Any large-scale MS-based profiling method is susceptible to generating false-positive data, which can become particularly problematic for interpretation of lower-abundance signals10. Accordingly, we sought to establish a robust protocol to quickly validate proteins enriched in 17-ODYA-treated samples. This method takes advantage of the fact that 17-ODYA-labeled proteins can be visualized by one of multiple platforms, including gel-based readouts (by click chemistry conjugation to fluorescent azide tags), which are much simpler and higher-throughput than LC-MS. 12 high-confidence and 6 medium-confidence targets were successfully over-expressed in 293T cells as determined by anti-FLAG western blot. Membrane lysates of the 17-ODYA-labeled cells were directly labeled with rhodamine-azide and analyzed by SDS-PAGE. Shown in Supplementary Fig. 4 are results for a representative 15 of these 18 proteins. Of the 18 proteins analyzed, only two (PTBP1 and SHMT2) failed to show any evidence of palmitoylation in 293T cells. Thus, we were able to validate ~90% (16/18) of this set of novel acylation targets, including 11 of 12 high confidence hits and 5 of 6 medium-confidence hits, suggesting that our LC-MS profiles contain a low overall false-positive rate. The validated group also contained several potential N-myristoylation targets, including C11orf59, IGSF8, MREG, and PAFAH, based on the presence of an N-terminal Met-Gly sequence. PAFAH2 is a characterized target of myristoylation11, and showed a hydroxylamine-resistant fluorescent band, as did C11orf59 (Supplementary Fig. 4). The other putative myristoylated proteins showed either complete or near-complete loss in signal following hydroxylamine treatment. These results argue that 17-ODYA can also be incorporated into endogenous sites of N-myristoylation. Since N-myristoyltransferases have exquisite selectivity for acyl-chains < C16 in length12, we interpret our data to indicate that N-myristoylated proteins are likely labeled by metabolic products of 17-ODYA fatty acid oxidation, which is presumably the major route of probe degradation.

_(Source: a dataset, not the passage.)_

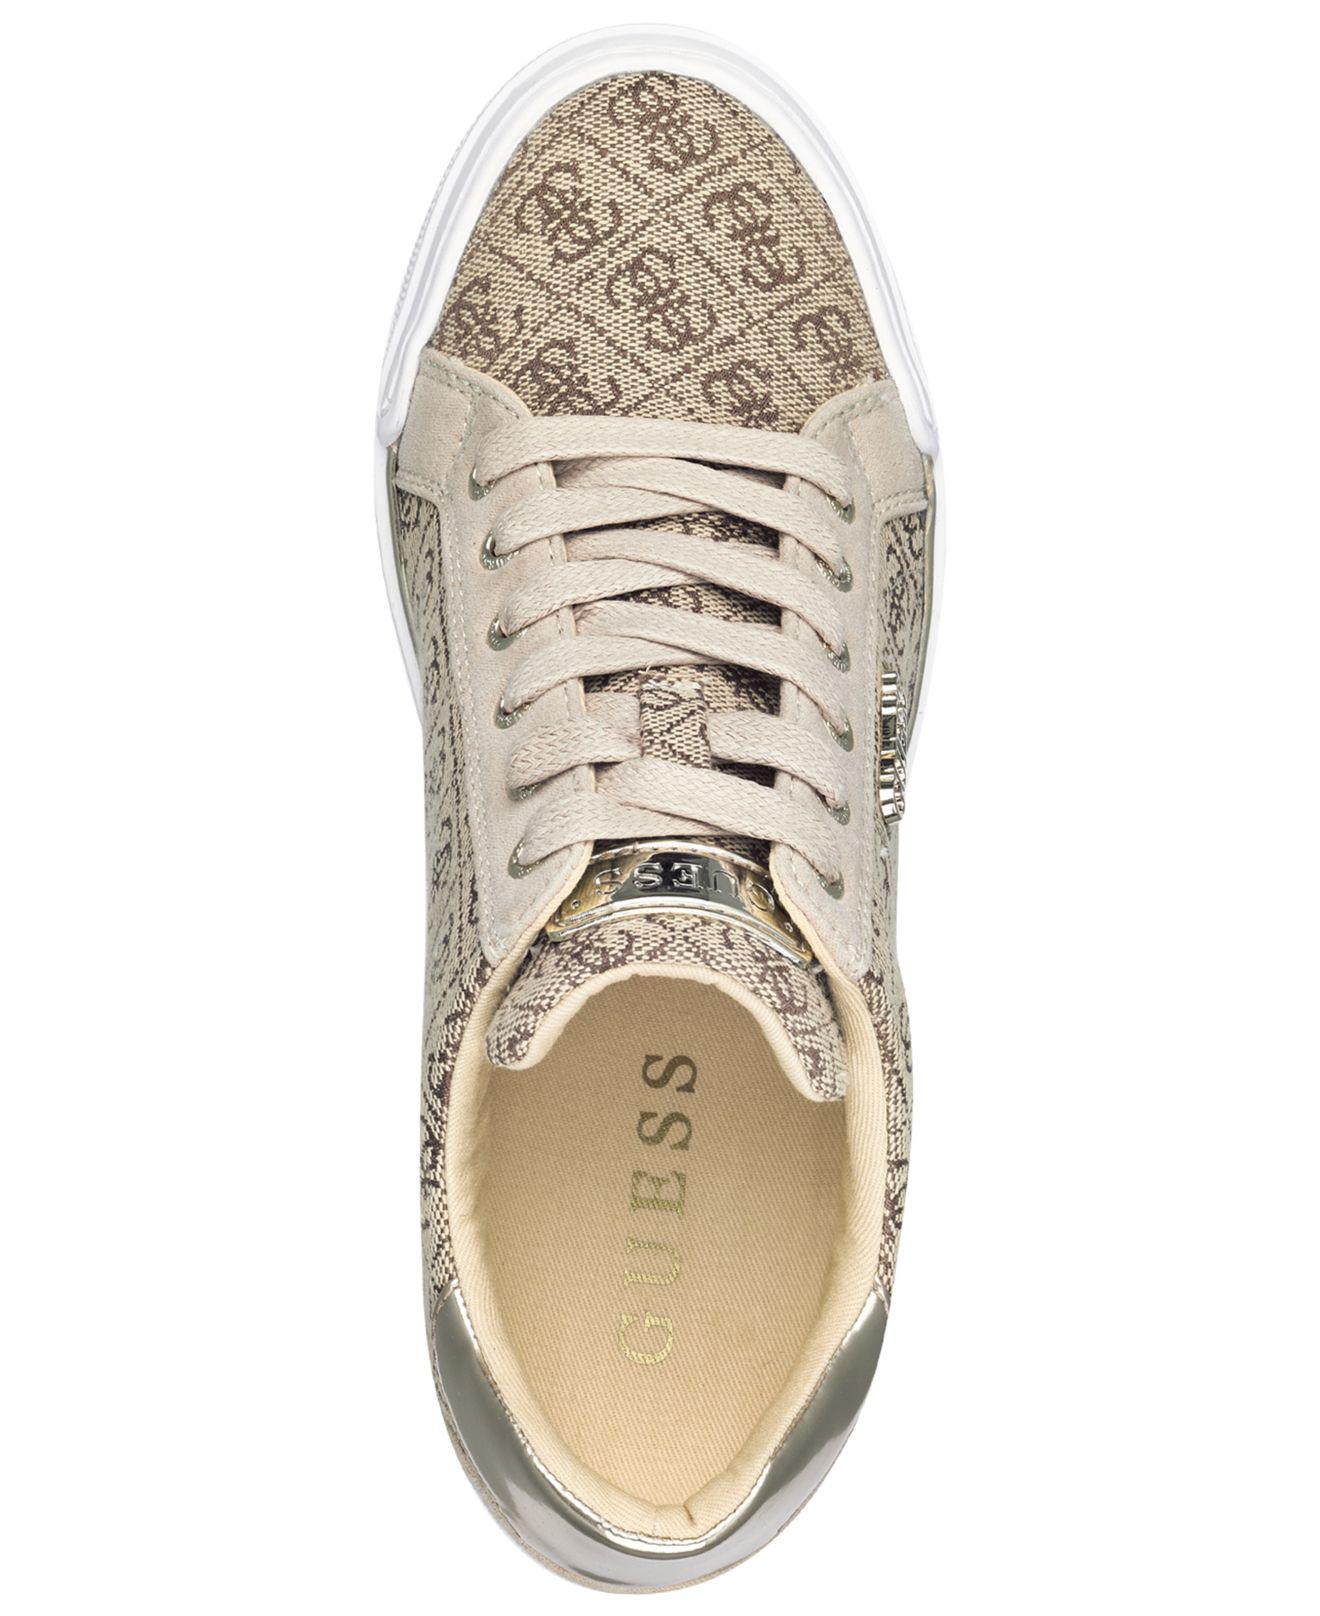 guess flowers sneakers

Included in our dataset were three members of a group of seven highly conserved (> 70%), uncharacterized human serine hydrolases, termed FAM108 proteins (Fig. 2a and Supplementary Fig. 5). We have previously shown these enzymes are exclusively found in the membrane fraction of the mouse brain proteome, where their activity was detected by activity-based protein profiling with serine hydrolase-reactive fluorophosphonate (FP) probes13, such as FP-biotin and FP-rhodamine14. Interestingly, none of the FAM108 enzymes possess predicted transmembrane domains, suggesting that their exclusive presence in membrane proteomes is due to a distinct mechanism. Our data raised the possibility that these enzymes associate with the membrane via palmitoylation. The FAM108 protein family shares a highly conserved N-terminal stretch of 4–5 cysteines, which are candidate sites of palmitoylation (Fig. 2b). Consistent with this premise, C-terminal GFP fusion revealed striking plasma membrane localization for FAM108 proteins (Fig. 2c and Supplementary Fig. 5), which was eliminated by deletion of the N-terminal cysteine cluster (Fig. 2d). This truncation did not appear to impair enzyme activity, since each enzyme still reacted with FP-rhodamine14. In contrast, N-terminal-truncated FAM108 enzymes showed a complete loss of palmitoylation signals as judged by 17-ODYA labeling and a clear shift in subcellular distribution from the membrane/particulate to soluble proteome (Fig. 2e). Interestingly, FAM108C1, which contains one less N-terminal cysteine, exhibited significantly less 17-ODYA labeling and was more diffusely distributed and enriched on internal membranes (Supplementary Fig. 5). This finding suggests that multiple cysteines near the N-termini of FAM108 proteins are palmitoylated and the extent of palmitoylation could dictate the subcellular localization of these enzymes.
Figure 2.
Membrane tethering of the FAM108 family of serine hydrolases by palmitoylation of an N-terminal cysteine-rich motif. (a)Average spectral counts of three FAM108 proteins identified by 17-ODYA profiling of Jurkat T-cells. None of these proteins showed any spectral counts in either the palmitate or hydroxylamine controls. (b) Cysteine-rich amino acid motif conserved among the seven members of the FAM108 family of proteins. FAM108A3 and FAM108A5 (which were not identified in this study) contain an additional N-terminal sequence preceding the cysteine-rich region of 73 and 28 amino acids respectively. (c) Distribution of FAM108B1-GFP fusion protein (green) expressed in HeLa cells co-stained with DAPI (blue). Scale bar = 15 µm. (d) Distribution of FAM108B1(Δ1–19)-GFP (green) expressed in HeLa cells co-stained with DAPI (blue). Deletion of the N-terminal cysteine-rich domain prevents FAM108B1 from localizing to the plasma membrane. (e) The N-terminal cysteine-rich motif of FAM108 proteins is palmitoylated and responsible FAM108 membrane localization. FAM108 proteins are fluorophosphonate (FP)-reactive serine hydrolases, which can be efficiently labeled with activity-based probes such as FP-rhodamine or FP-biotin14. The upper panel shows FP-rhodamine-labeled soluble and membrane particulate fractions. The distribution of active FAM108 protein is altered from the particulate to soluble fractions by deletion of the N-terminal cysteine-rich motif. In the lower panel, 17-ODYA labeled transfected 293T cells were labeled with FP-biotin and enriched with streptavidin-agarose beads, reacted with rhodamine-azide, and visualized by in-gel fluorescence scanning.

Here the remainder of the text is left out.